Brad Davis

No. 47
- Position: Running back

Personal information
- Born: February 9, 1953 (age 72) Hammond, Louisiana, U.S.
- Height: 5 ft 10 in (1.78 m)
- Weight: 204 lb (93 kg)

Career information
- High school: Hammond
- College: LSU
- NFL draft: 1975: 9th round, 211th overall pick

Career history
- Atlanta Falcons (1975–1976);

Awards and highlights
- First-team All-SEC (1973);
- Stats at Pro Football Reference

= Brad Davis (running back) =

American football player (born 1953)

Bradford Timothy Davis (born February 9, 1953) is an American former professional football player who was a running back for two seasons with the Atlanta Falcons of the National Football League (NFL). He played college football for the LSU Tigers.

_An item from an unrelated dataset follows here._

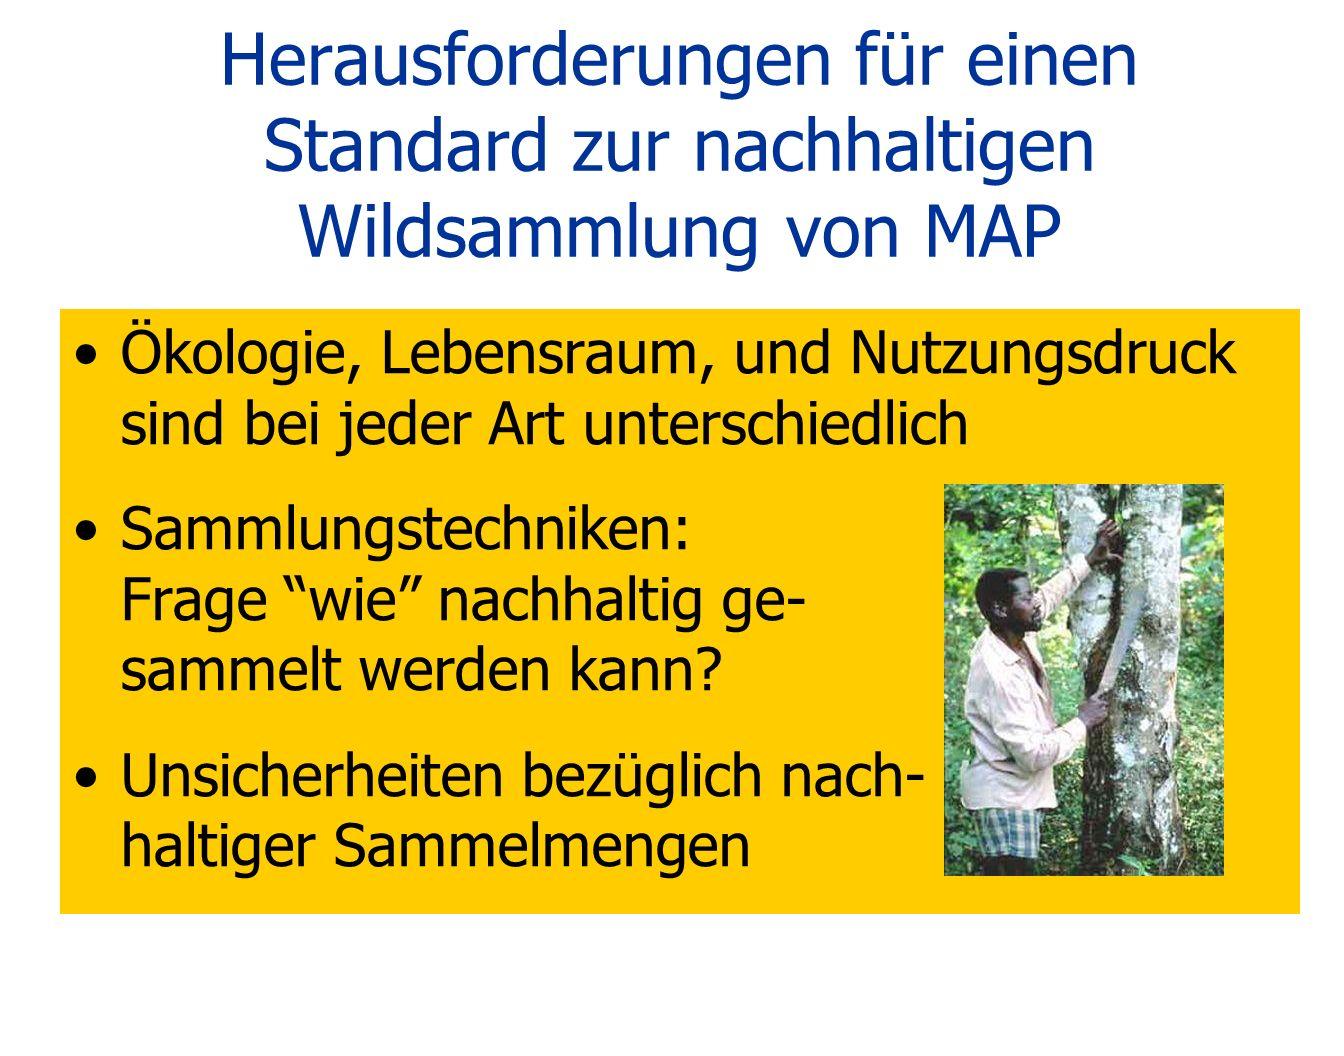 Herausforderungen für einen Standard zur nachhaltigen Wildsammlung von MAP Ökologie, Lebensraum, und Nutzungsdruck sind bei jeder Art unterschiedlich

Davis was born in Hammond, Louisiana, and attended Hammond Magnet High School. He attended Louisiana State University, where he played football for the Tigers. He rushed for 2,253 yards on 472 carries in his college career, and had 16 rushing and two receiving touchdowns. He was named to the 1973 All-SEC team as a first-team selection by the United Press and second-team by the Associated Press after rushing for 904 yards and scoring seven total touchdowns during the season.